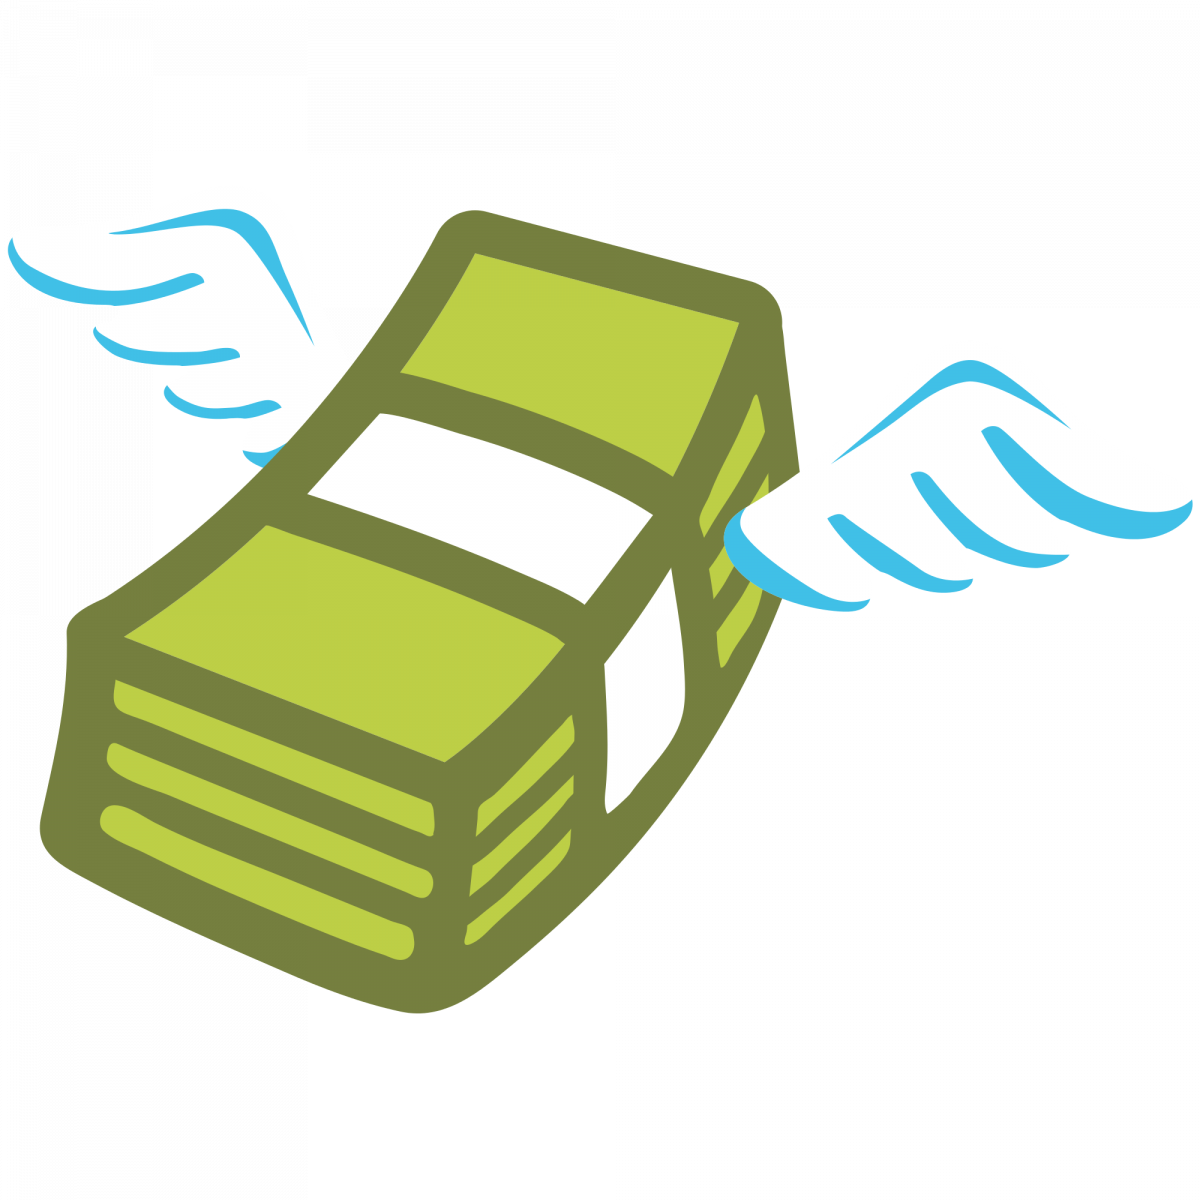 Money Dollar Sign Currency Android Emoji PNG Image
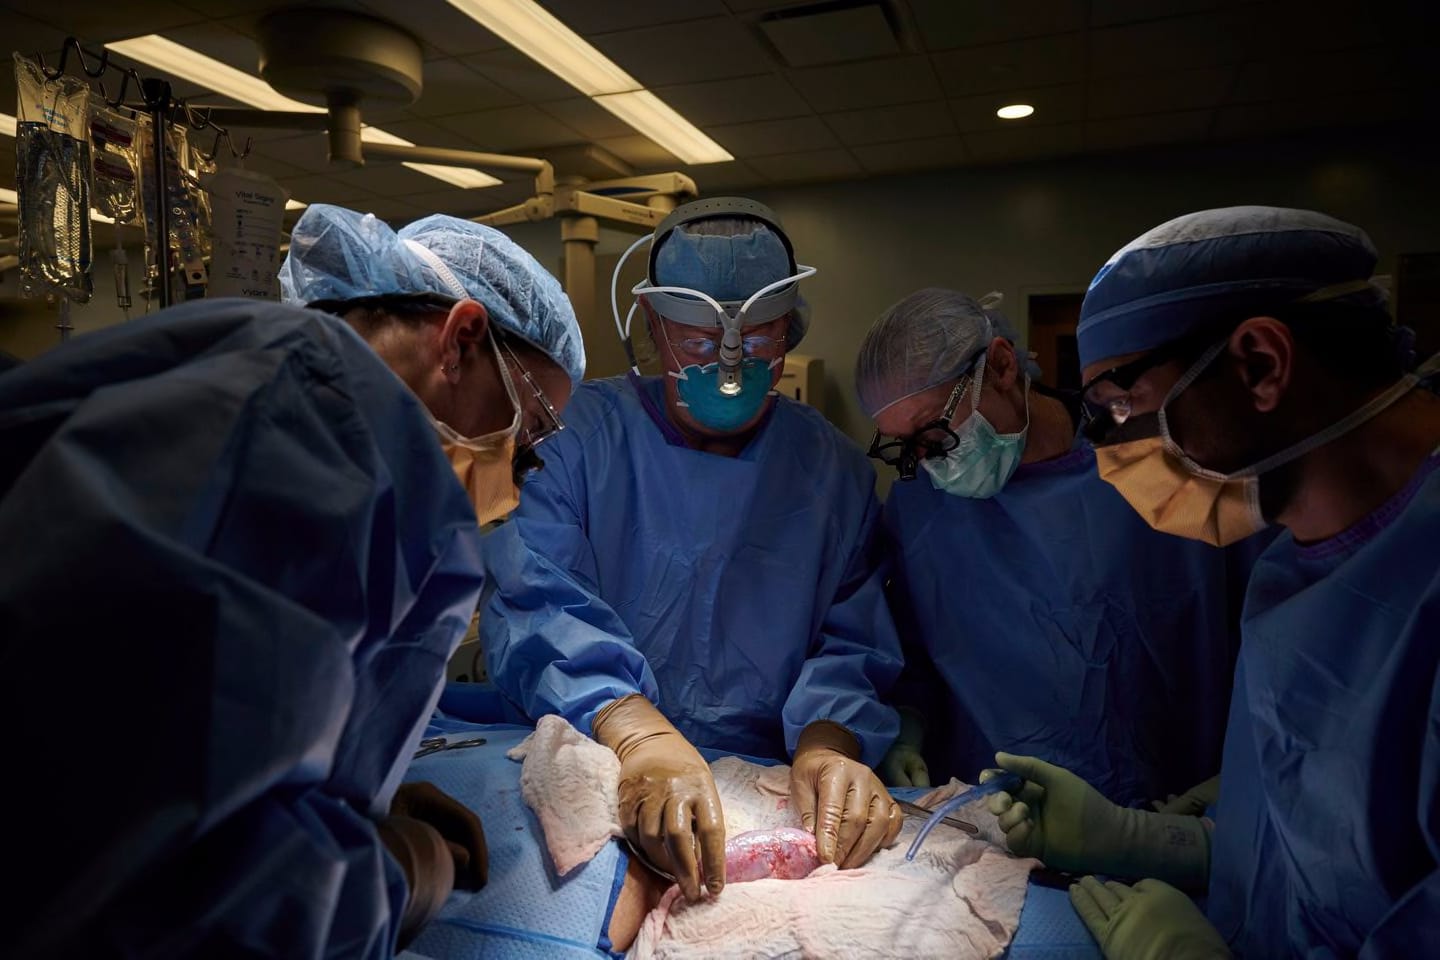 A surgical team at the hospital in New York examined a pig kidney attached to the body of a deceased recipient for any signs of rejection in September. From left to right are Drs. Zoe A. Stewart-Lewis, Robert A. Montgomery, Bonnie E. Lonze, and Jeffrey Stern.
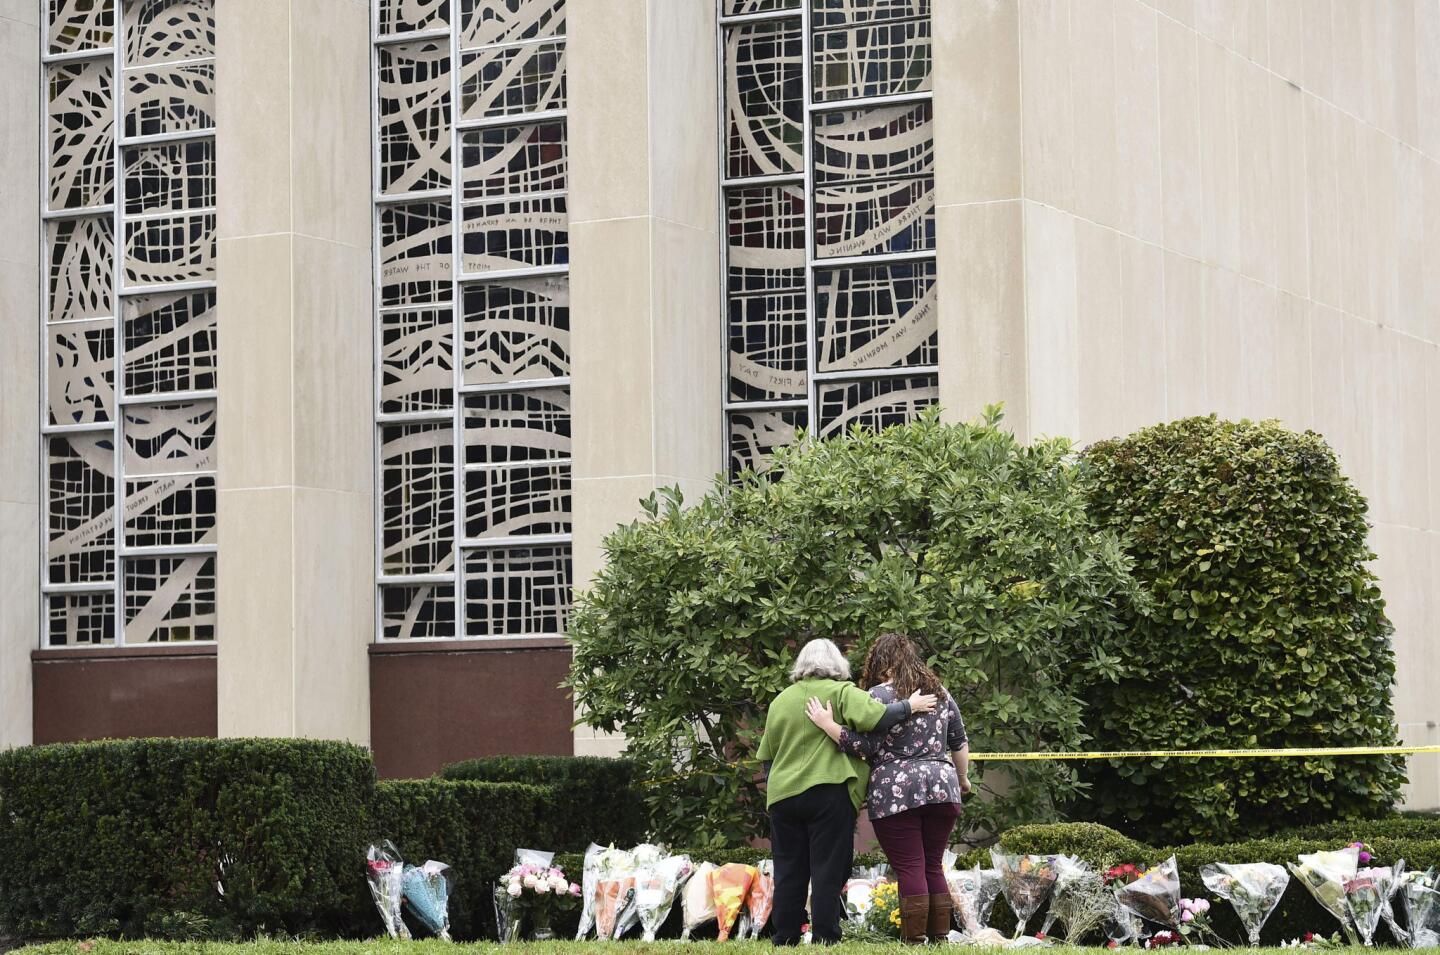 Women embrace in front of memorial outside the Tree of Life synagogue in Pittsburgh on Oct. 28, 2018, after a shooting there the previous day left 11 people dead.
------------------------------
• **Instructions for the task**:
Please transcribe each line above exactly, but leave the images out.

• **Solution to this task**:
 Money Dollar Sign Currency Android Emoji PNG Image
 A surgical team at the hospital in New York examined a pig kidney attached to the body of a deceased recipient for any signs of rejection in September. From left to right are Drs. Zoe A. Stewart-Lewis, Robert A. Montgomery, Bonnie E. Lonze, and Jeffrey Stern.
 Women embrace in front of memorial outside the Tree of Life synagogue in Pittsburgh on Oct. 28, 2018, after a shooting there the previous day left 11 people dead.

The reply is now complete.